What to work on: Write the listing out again word for word, leaving each picture behind.
*** Opening Dataset extract ***
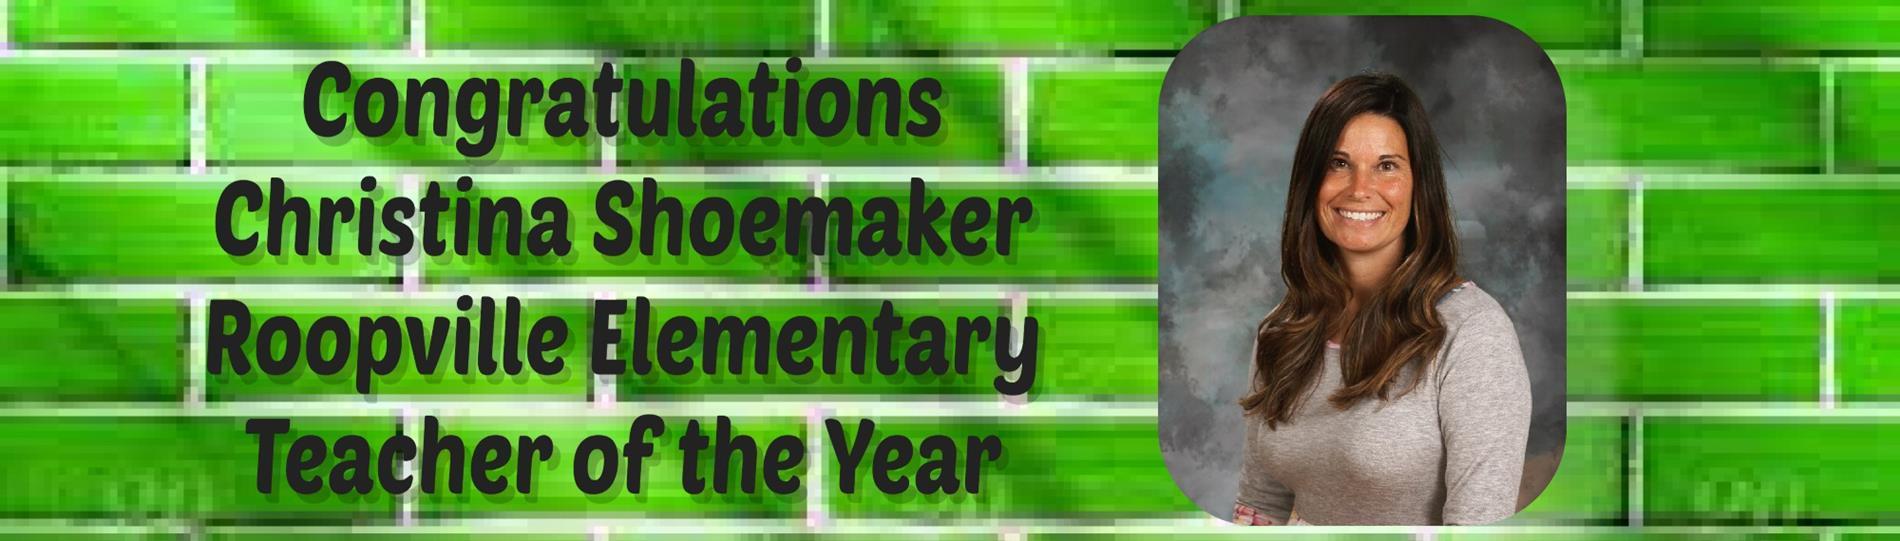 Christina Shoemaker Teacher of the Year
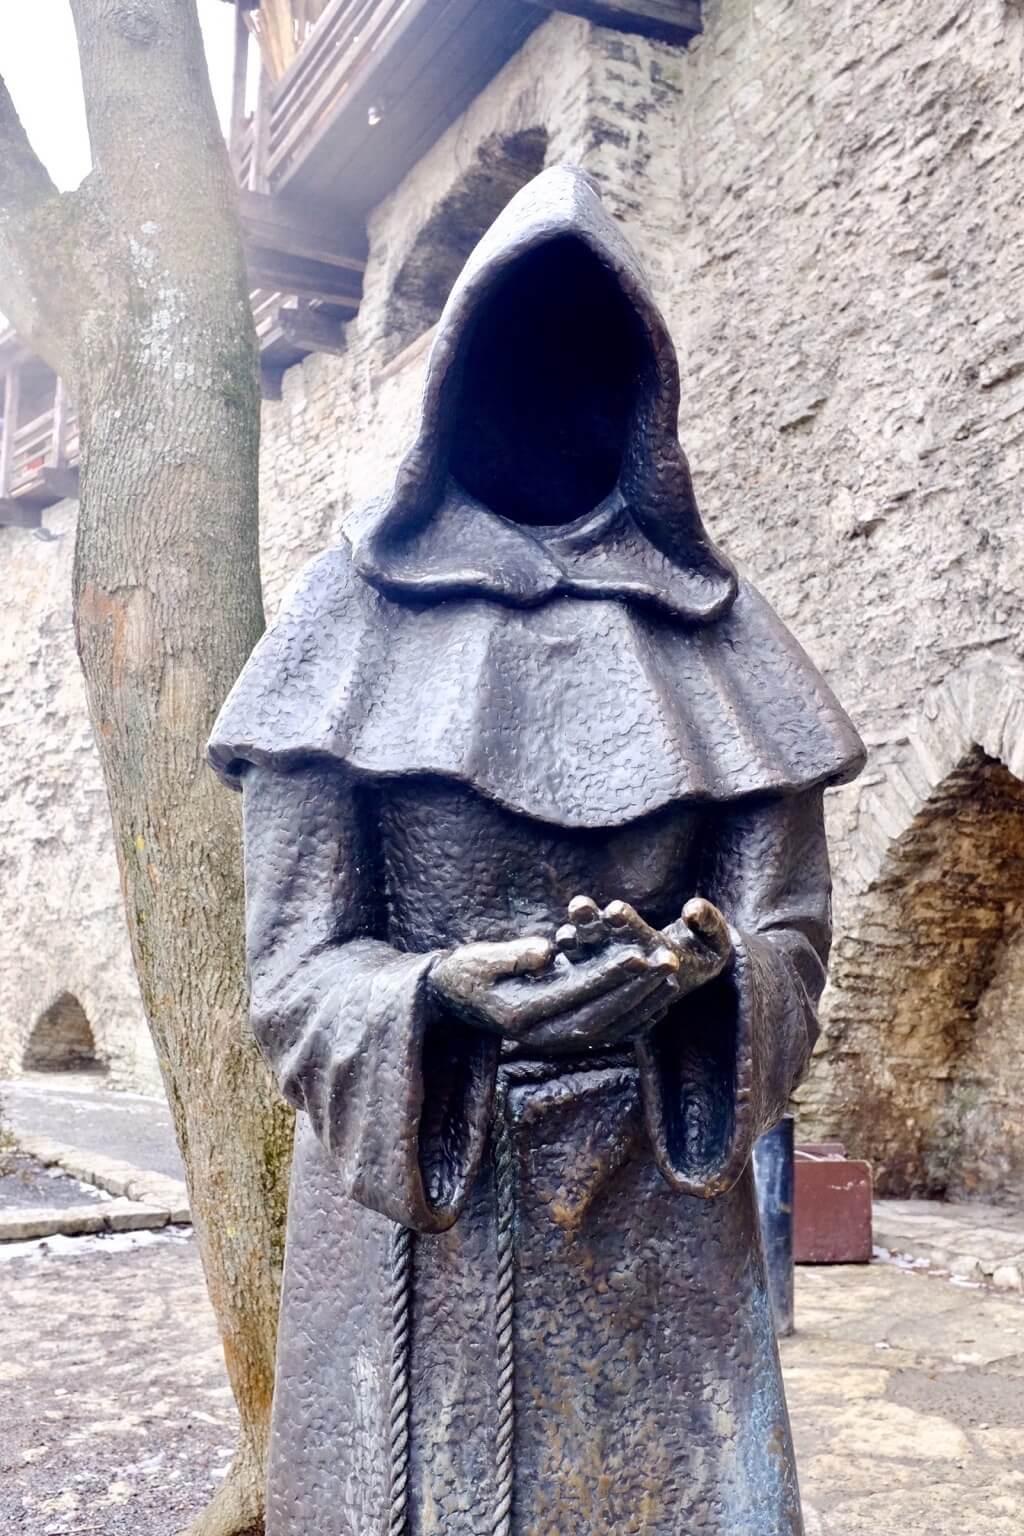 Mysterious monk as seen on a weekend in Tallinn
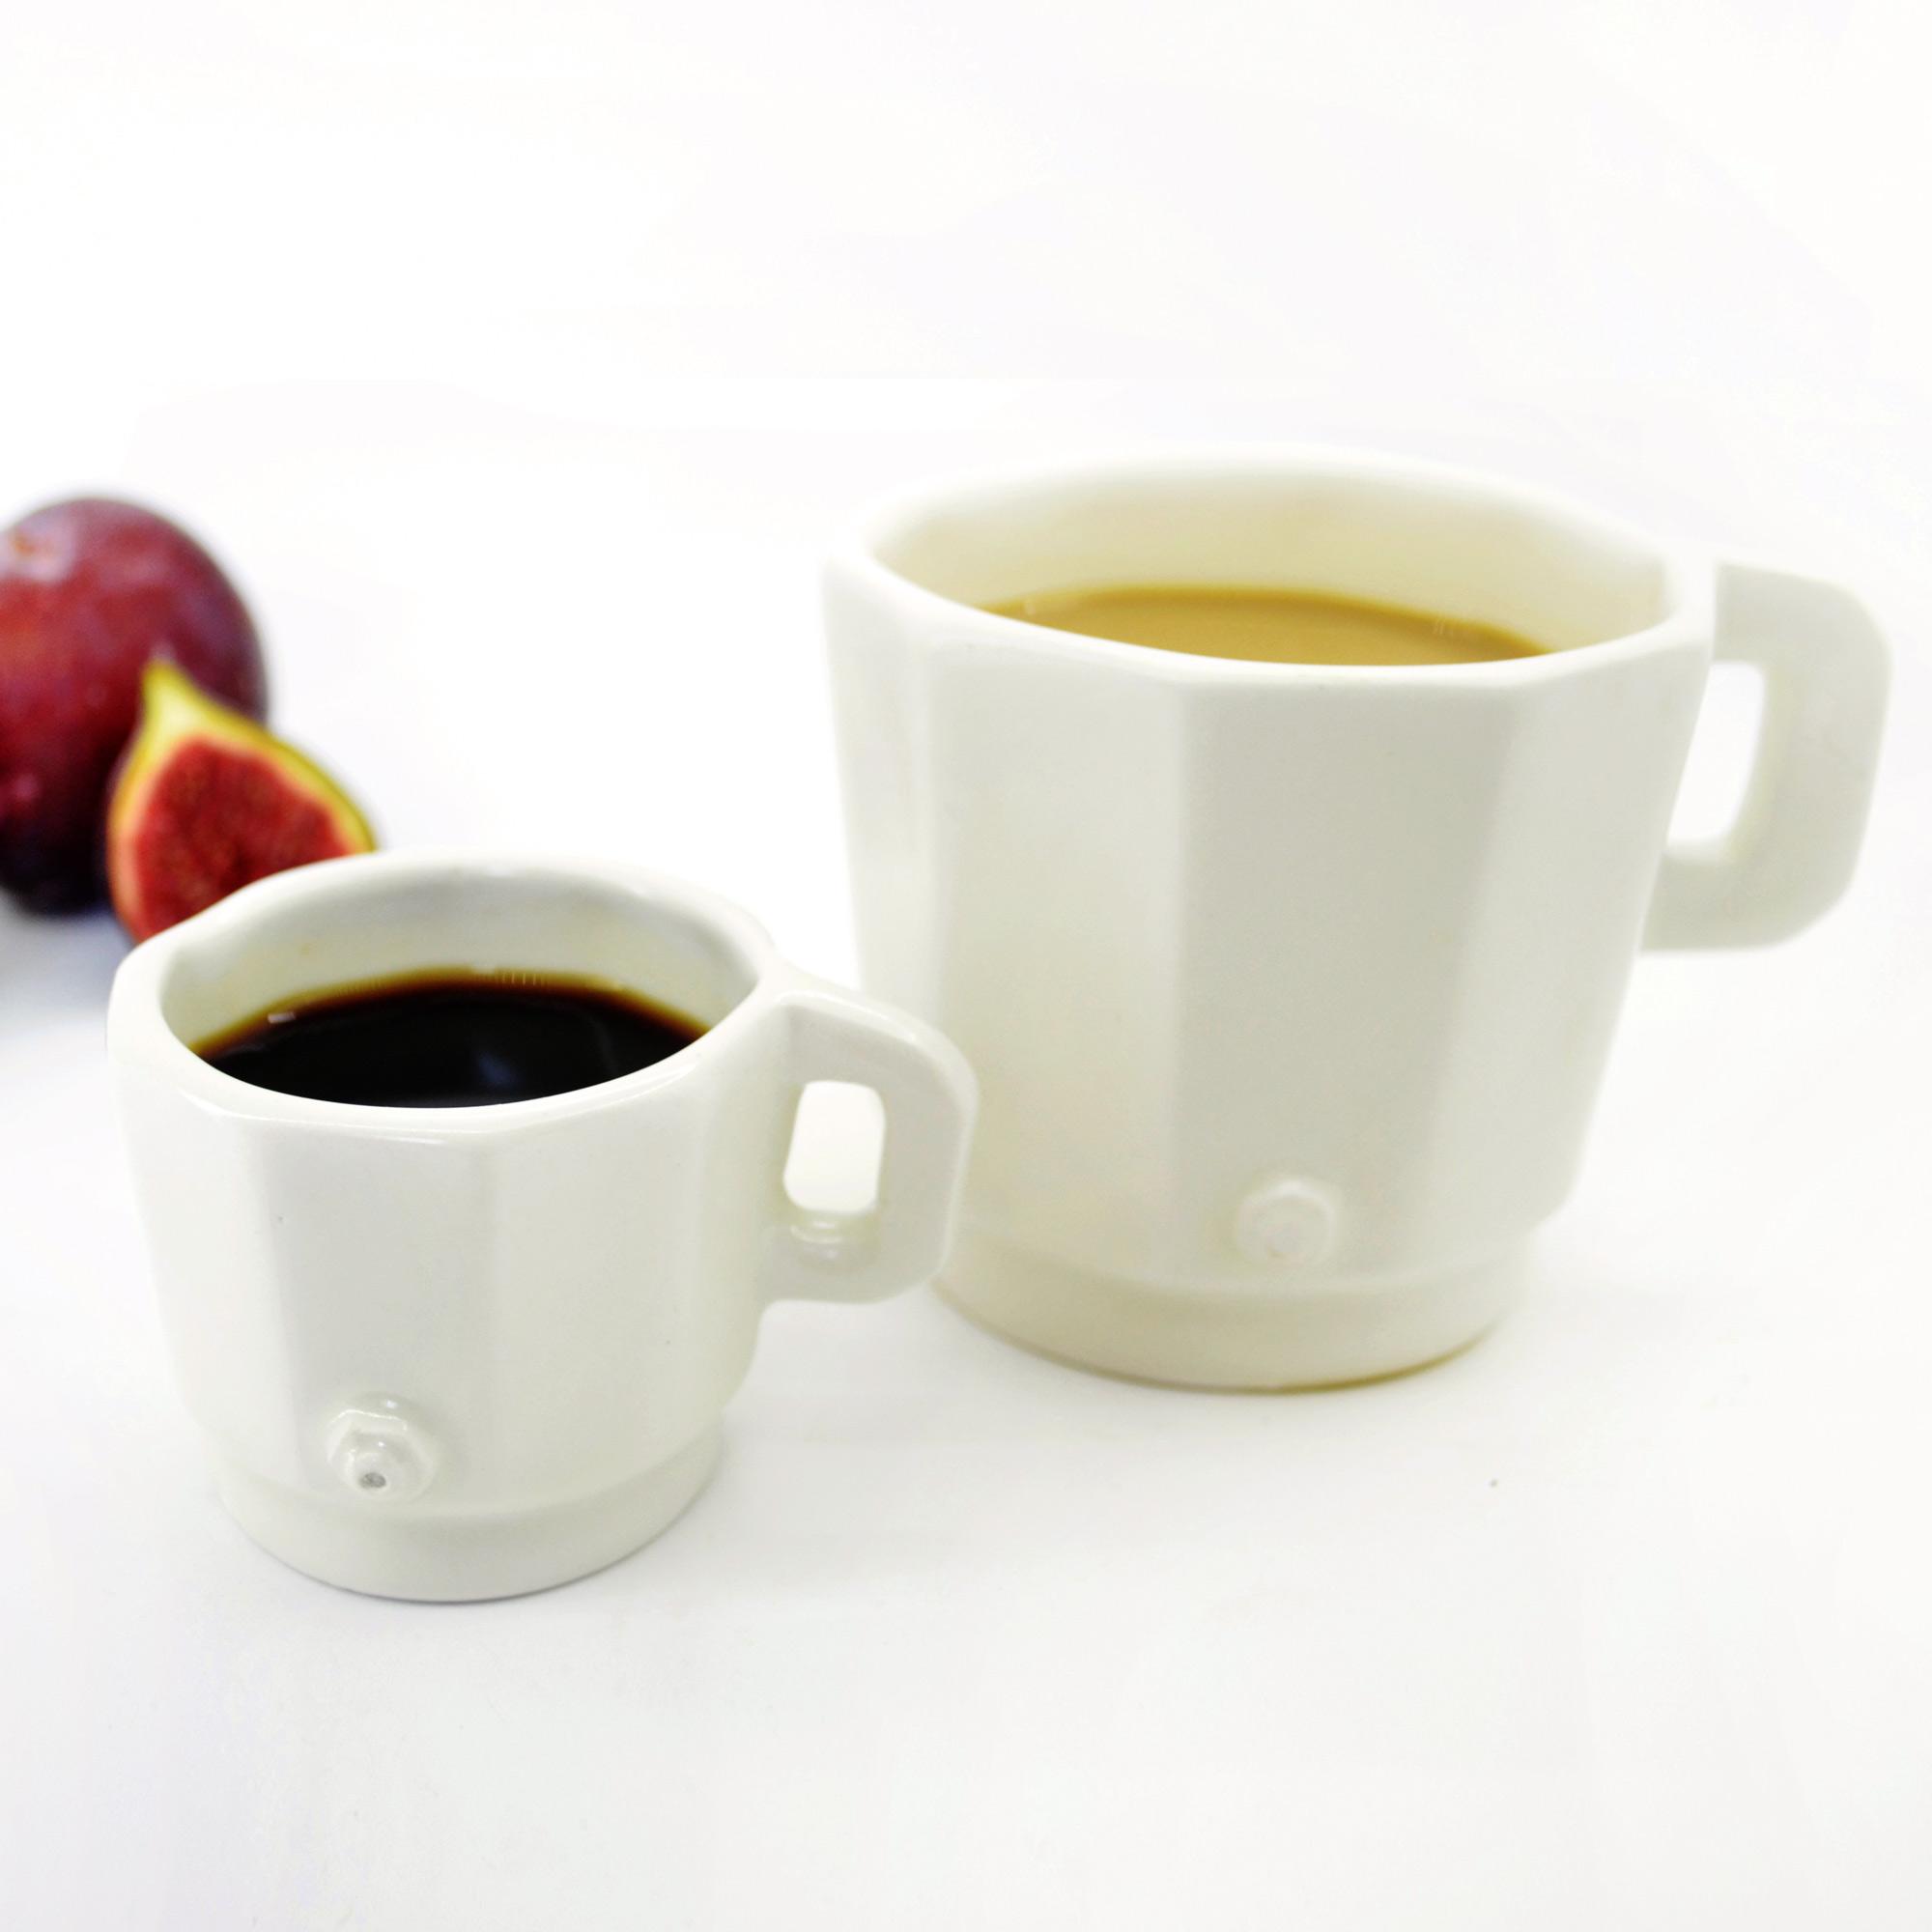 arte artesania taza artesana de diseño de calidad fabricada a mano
*** Closing Dataset extract ***
Exercise solution:
 Christina Shoemaker Teacher of the Year
 Mysterious monk as seen on a weekend in Tallinn
 arte artesania taza artesana de diseño de calidad fabricada a mano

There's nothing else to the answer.